Our team is comprised of five sisters of the Congregation of Notre Dame (from Toronto, NY, Montreal, and PEI), two people from North Carolina, one from PEI, and three from nearby San Antonio (my mom, sister, and 8-year old niece).
My mom joined us the first week, and graciously prepared a dozen meals ahead of time, so our evening meal preparation is simple. She spoiled us with enchiladas, lasagna, rice casseroles, and a special seafood extravaganza, culminating in a homemade cheesecake for the shared birthday celebration! She left, but we continue to enjoy her hospitality.
A week into our trip, my sister and niece drove down from San Antonio to join us, and a day later my mom and niece left. During the 21 hours she was here, my sweet 8-year old niece played pool (billiards) with some of the sisters in the lounge part of the house, volunteered at the center, spending hours bagging food and practicing her writing skills labeling bags, and took a break to go dress shopping for her upcoming first communion. We really maximized our day together, spending our last hour at a local skee-ball, pizza party locale to celebrate my upcoming birthday. As mom and Layla waited for the bus to San Antonio, part of our team came bustling in for one last hug. The bus departed and those of us left returned to work after a very busy 24 hours.

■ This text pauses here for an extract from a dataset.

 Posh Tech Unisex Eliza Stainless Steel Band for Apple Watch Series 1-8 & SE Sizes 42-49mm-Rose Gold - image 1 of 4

In the evenings at the house, you might see one of us occupying the ongoing scrabble game that started when I was at the novitiate and never seems to end, someone playing the guitar or ukuleles, someone taking advantage of the washing machine and doing laundry, or a happy soul enjoying a bowl of ice cream. We are pretty tired when we get home, but there is chatter for hours until the grand silence when people head to bed around 9pm, preparing for the noise to start again the next morning around 6am.

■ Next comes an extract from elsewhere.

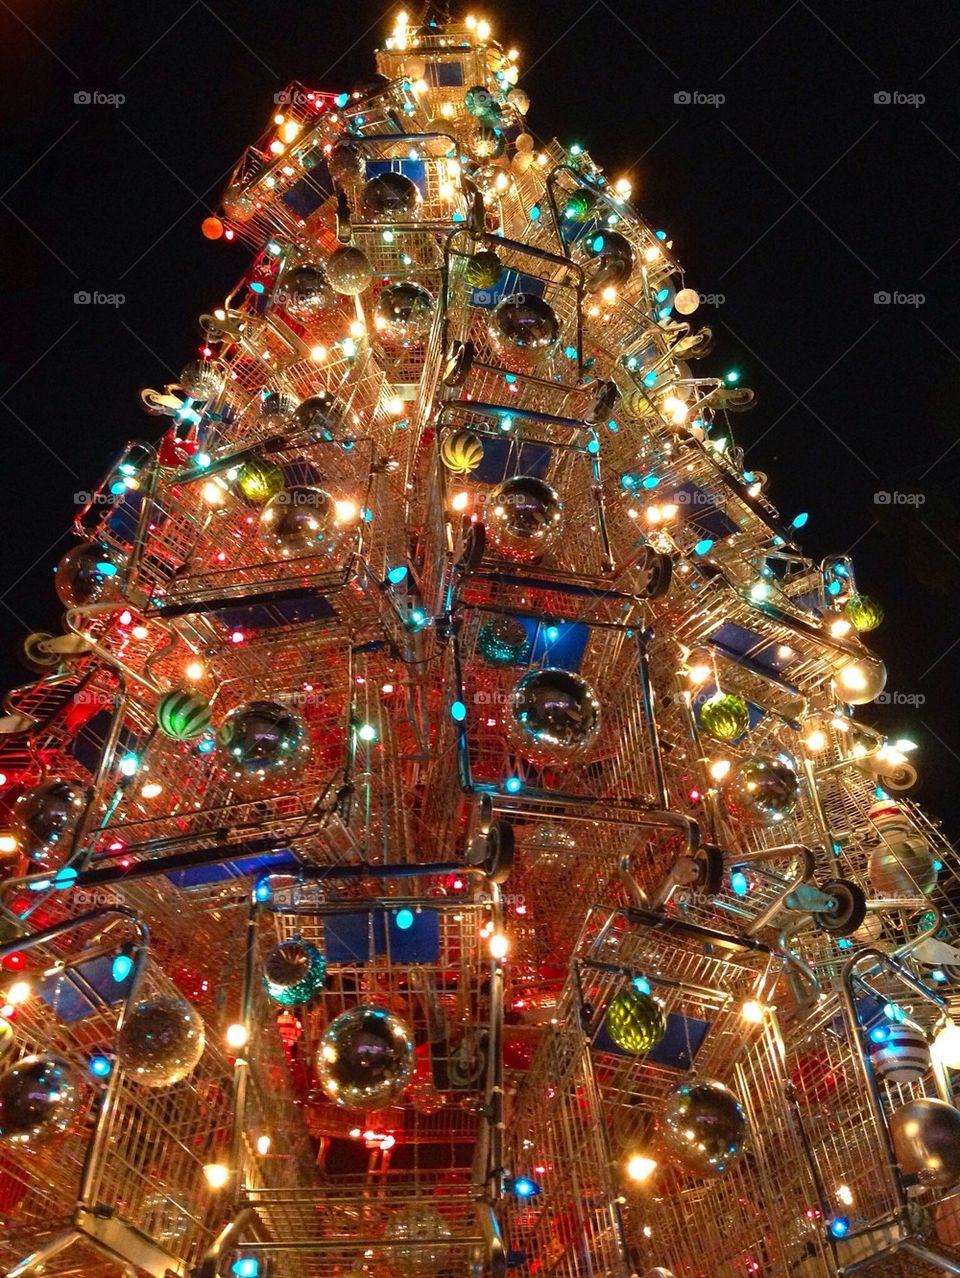 A Christmas tree made out of shopping carts!

Sharing a house has been a wonderful experience, especially participating in prayer each night, led by a different person each with their own style if giving thanks for the joys of the day, and centering ya in our purpose for being here. We’ve also discovered our rendition of Dona Nobis Pacem in parts and rounds could put us on the map if thus volunteering thing doesn’t wasn’t work out.

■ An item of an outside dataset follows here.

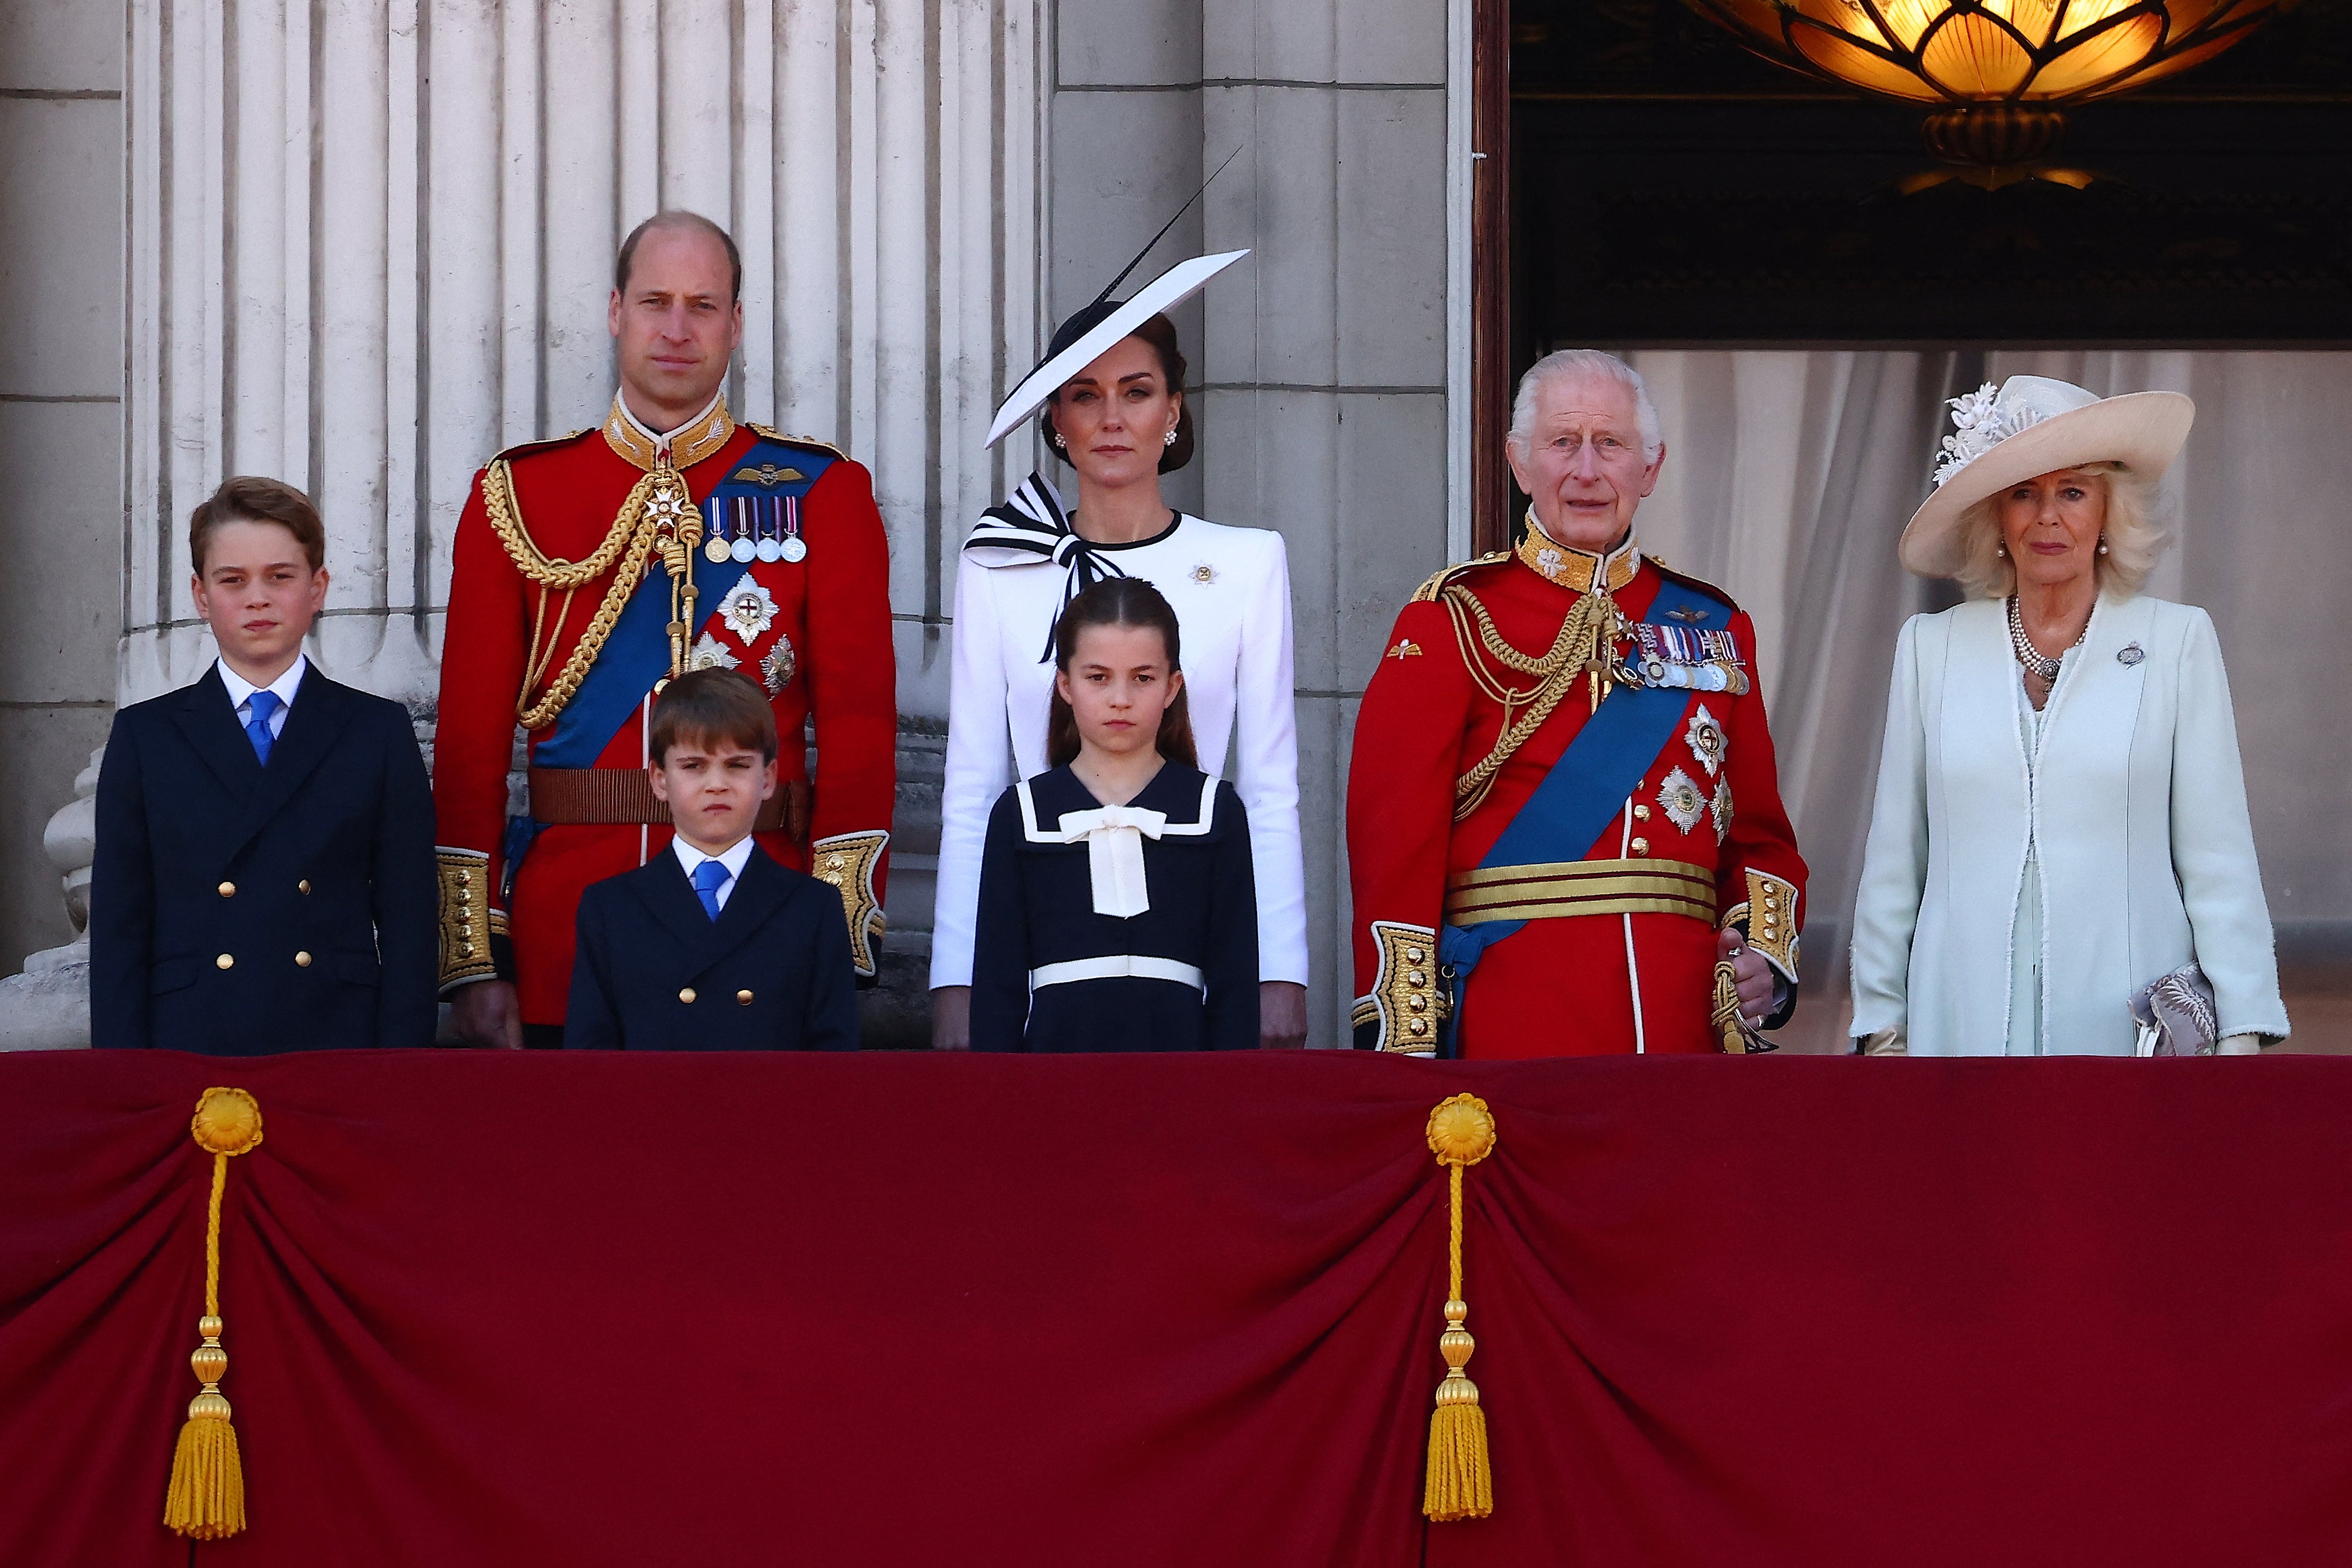 The royal family joins King Charles on the balcony of Buckingham Palace

As comfortable and grateful as we all are to have a lovely, safe place to sleep each night, the people we serve are never far from our thoughts, sleeping in tents on the ground, scared for their security amid the “disappearings” and gang activity not seen during the day. It is unsettling to think about the hardships they are experiencing, hoping for a better life, especially while we go about our evenings together.
We are here for the anniversary of MPP - the policy that made it legal to keeping people from specific countries out of the USA. 60,000 people have been excluded this way, in the hopes that they return to their country rather than live in the camps. Many families have left the camps, and more still have been deported after an unsuccessful asylum hearing. It has been reported that many of the people who return (voluntarily or not) are killed by the gangs they were fleeing. Bringing 60 families meals each day in a camp that has at least a thousand people is not enough. We as a people need to do more.
Praying for you all. and journeying with you as you experience something new . I admire your courage and generousity. Thank you for caring and walking with God's people.I am sure you have much to share as the day comes to a close.Blessings to all.